══ Supplied data ══

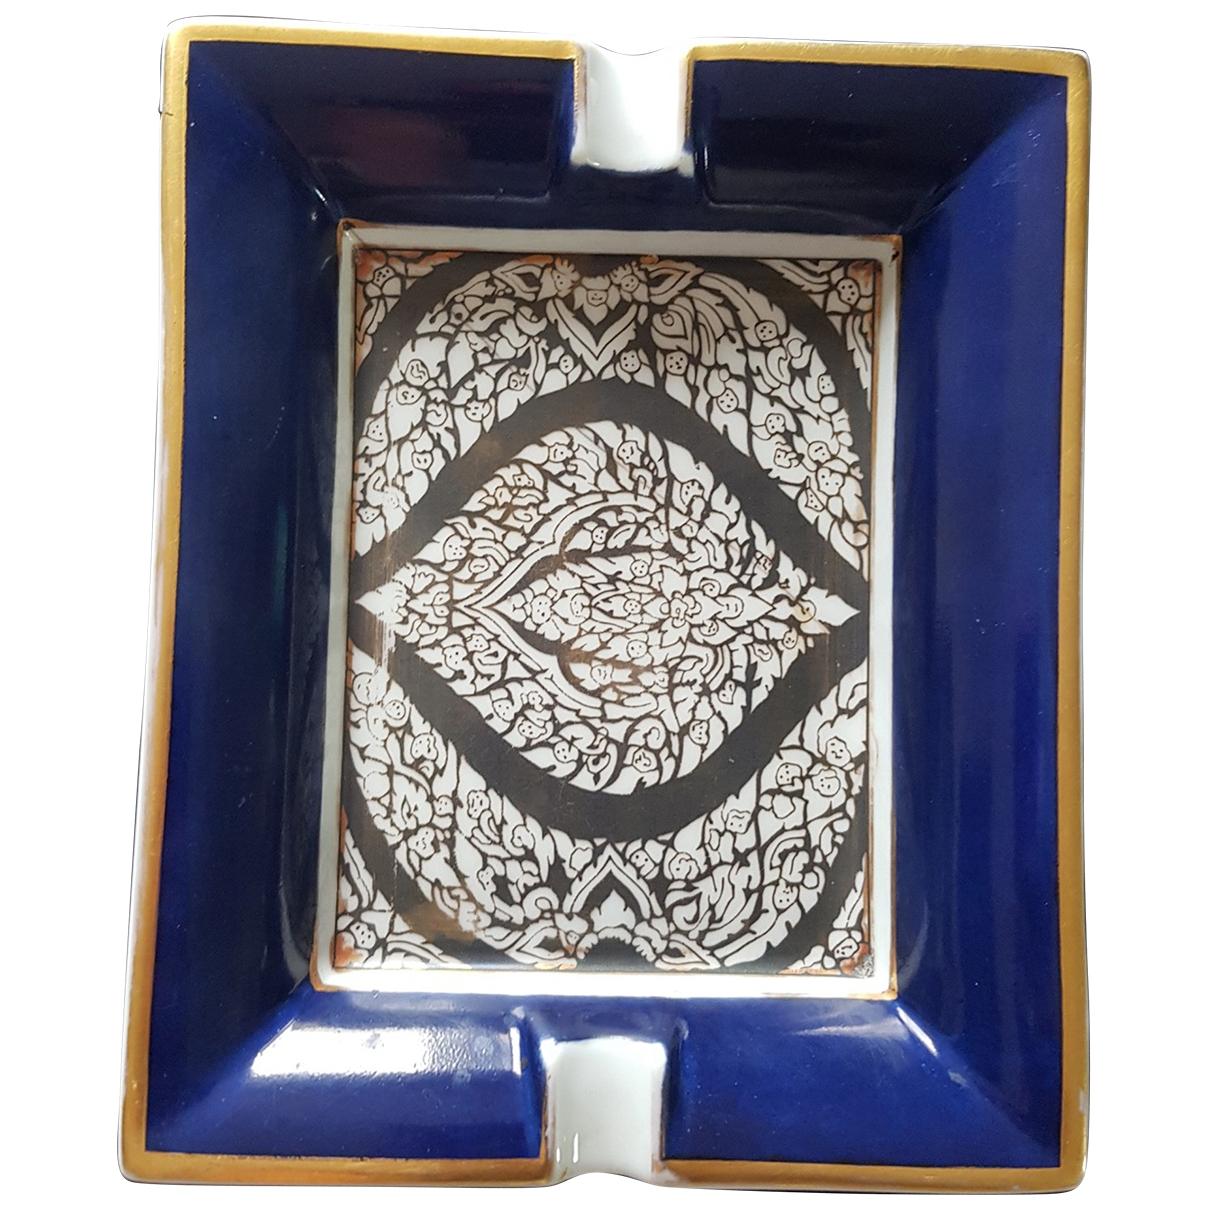 Hermes \N Accessoires und Dekoration in  Blau Porzellan
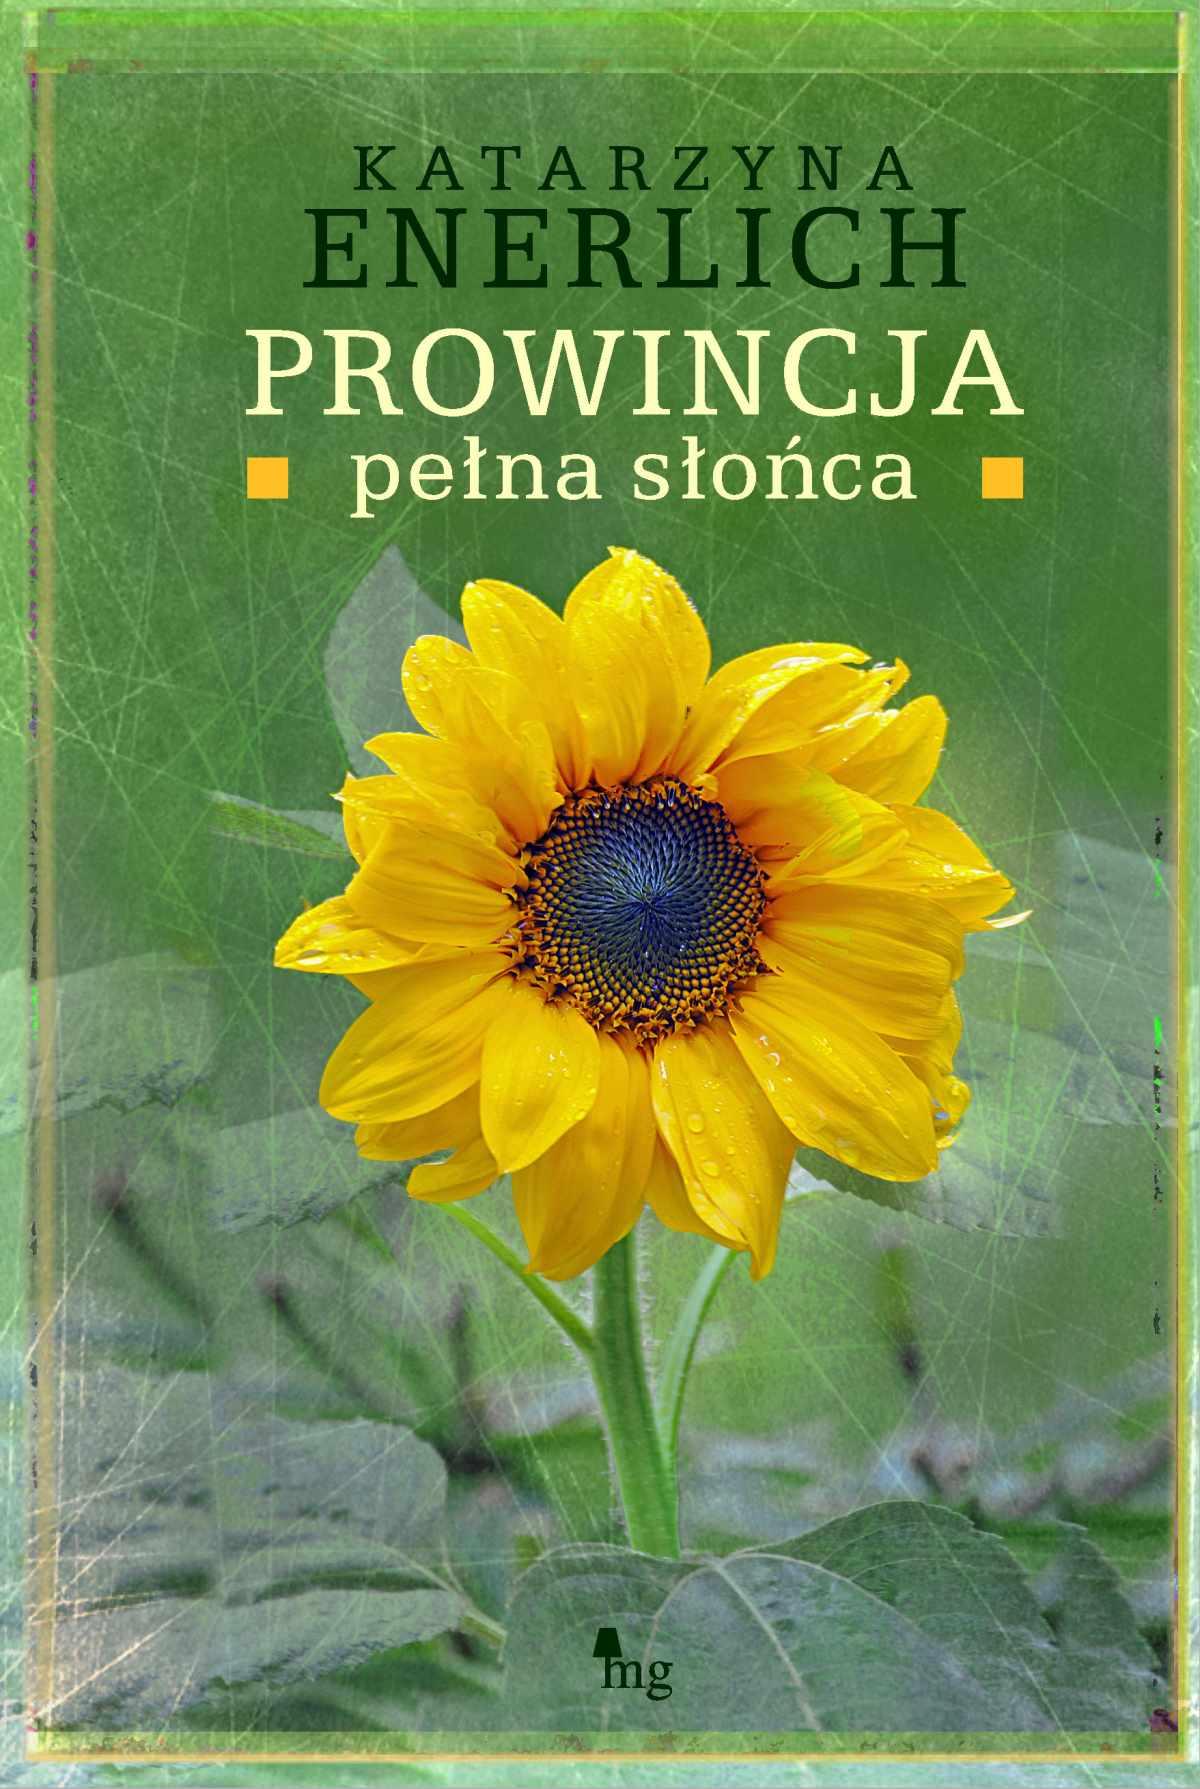 Prowincja pełna słońca - Ebook (Książka EPUB) do pobrania w formacie EPUB
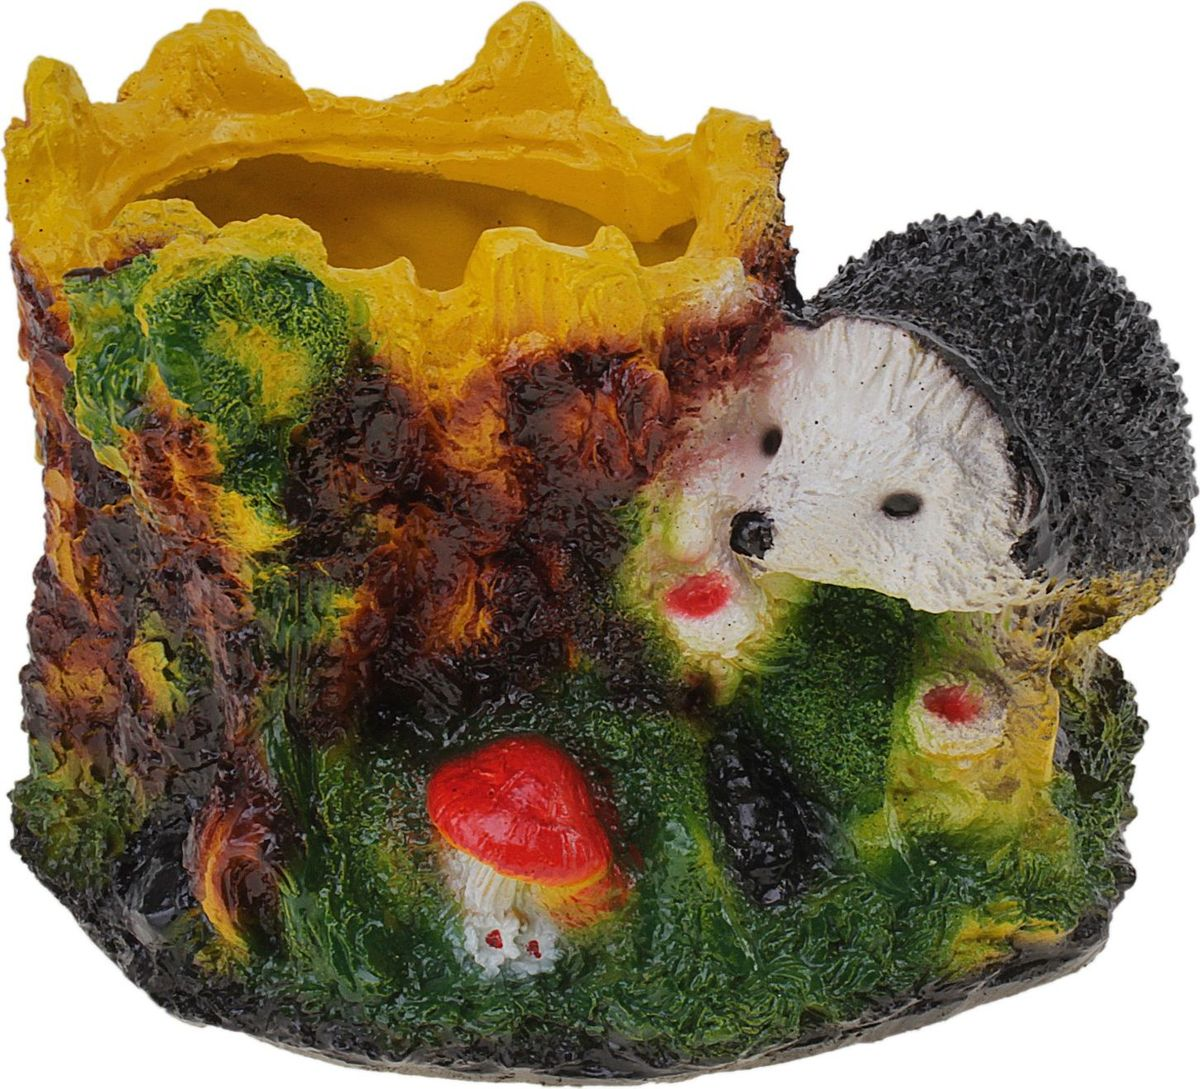 Кашпо Еж, 21 х 24 х 17 см628375Комнатные растения — всеобщие любимцы. Они радуют глаз, насыщают помещение кислородом и украшают пространство. Каждому из растений необходим свой удобный и красивый дом. Поселите зелёного питомца в яркое и оригинальное фигурное кашпо. Выберите подходящую форму для детской, спальни, гостиной, балкона, офиса или террасы. #name# позаботится о растении, украсит окружающее пространство и подчеркнёт его оригинальный стиль.

═══

= Exercise directions =
Print the material verbatim; drop the pictures.

= Solution below =
 Hermes \N Accessoires und Dekoration in  Blau Porzellan
 Prowincja pełna słońca - Ebook (Książka EPUB) do pobrania w formacie EPUB
 Кашпо Еж, 21 х 24 х 17 см628375Комнатные растения — всеобщие любимцы. Они радуют глаз, насыщают помещение кислородом и украшают пространство. Каждому из растений необходим свой удобный и красивый дом. Поселите зелёного питомца в яркое и оригинальное фигурное кашпо. Выберите подходящую форму для детской, спальни, гостиной, балкона, офиса или террасы. #name# позаботится о растении, украсит окружающее пространство и подчеркнёт его оригинальный стиль.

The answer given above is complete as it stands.